The only people to ever give me grief, and possibly try to start a fight, were some Oasis fans at the London guitar show, when I was all metalled up with a Dream Theater shirt on.








They walked past and shouted at me. 
"Elitist bastard!!!".
I carried on walking while I tried to work out what just happened... 
_Hmmm. I think he insulted me because he hates the music he thinks he likes because people think he's a retard for liking it.... And he's projecting his inferioirity complex onto me.... hmmm....Best not hurt him too much, he probably has a lot of issues and life is tough enough for him as it is, with all those bad records to pawn and Epiphone knock off 335's to sell..._
**ignore + forget = WIN!!!**


----------



## Loomer (Nov 6, 2012)

Fuck me.. Who _isn't _elitist compared to an Oasis!?


----------



## m3l-mrq3z (Nov 6, 2012)

The unthinking man's band.


----------



## Loomer (Nov 6, 2012)

m3l-mrq3z said:


> The unthinking man's band.



In the quest to out-stupid the Gallagher brothers, even their die-hard fans fall short.


----------



## m3l-mrq3z (Nov 6, 2012)

Dude, have you ever heard of Anubis Gate? Totally underrated Danish band (prog).


----------



## Loomer (Nov 6, 2012)

Yup.
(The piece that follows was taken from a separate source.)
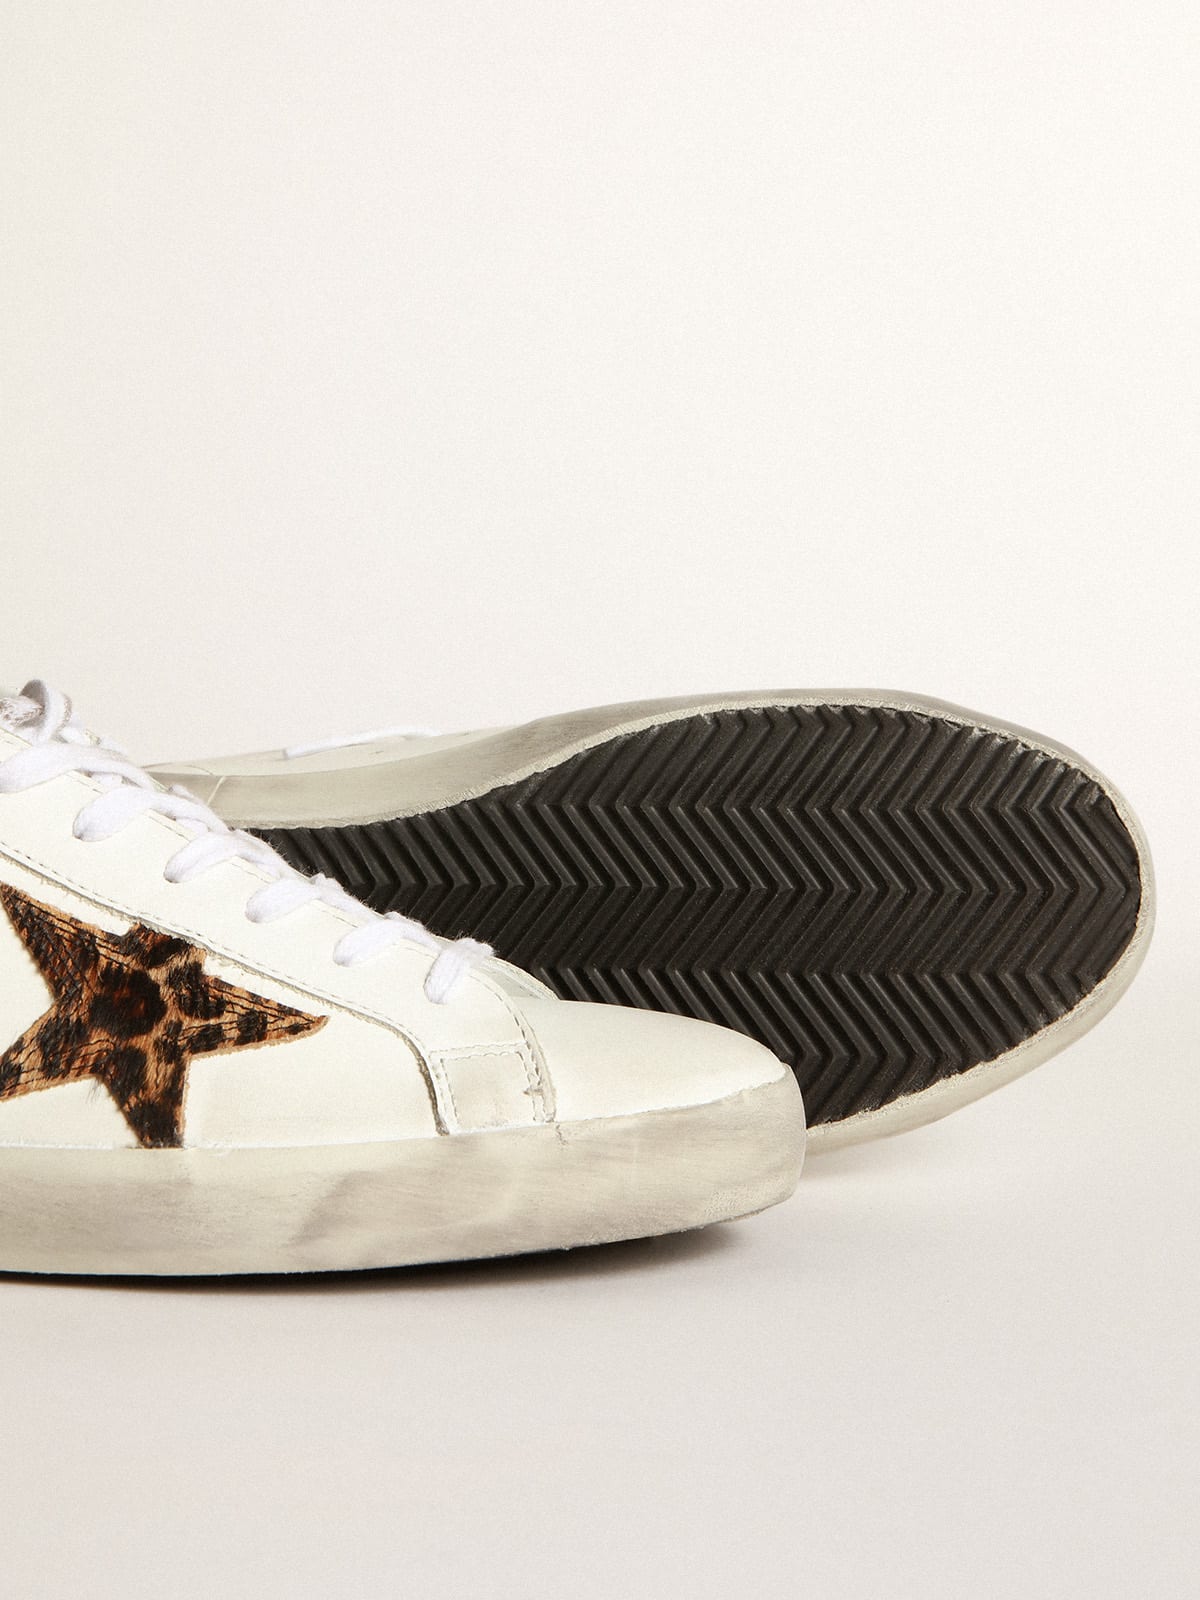 Golden Goose - Super-Star sneakers with leopard-print star and blue heel tab     in

Doesn't sound like Insect Warfare, so... I hate it.


----------



## m3l-mrq3z (Nov 6, 2012)




----------



## Loomer (Nov 6, 2012)

Well okay. I've heard of them, but I generally dislike prog metal, and Danish metal as well, so I decided time was better spent listening to Grind and reading bad sci-fi.


----------



## m3l-mrq3z (Nov 6, 2012)

But listening to Anubis Gate is like listening to metal AND watching a sci-fi film. Two of their albums are sci-fi masterpieces.


----------



## Loomer (Nov 6, 2012)

DO U EVEN MITHRAS BRO!?


----------



## m3l-mrq3z (Nov 6, 2012)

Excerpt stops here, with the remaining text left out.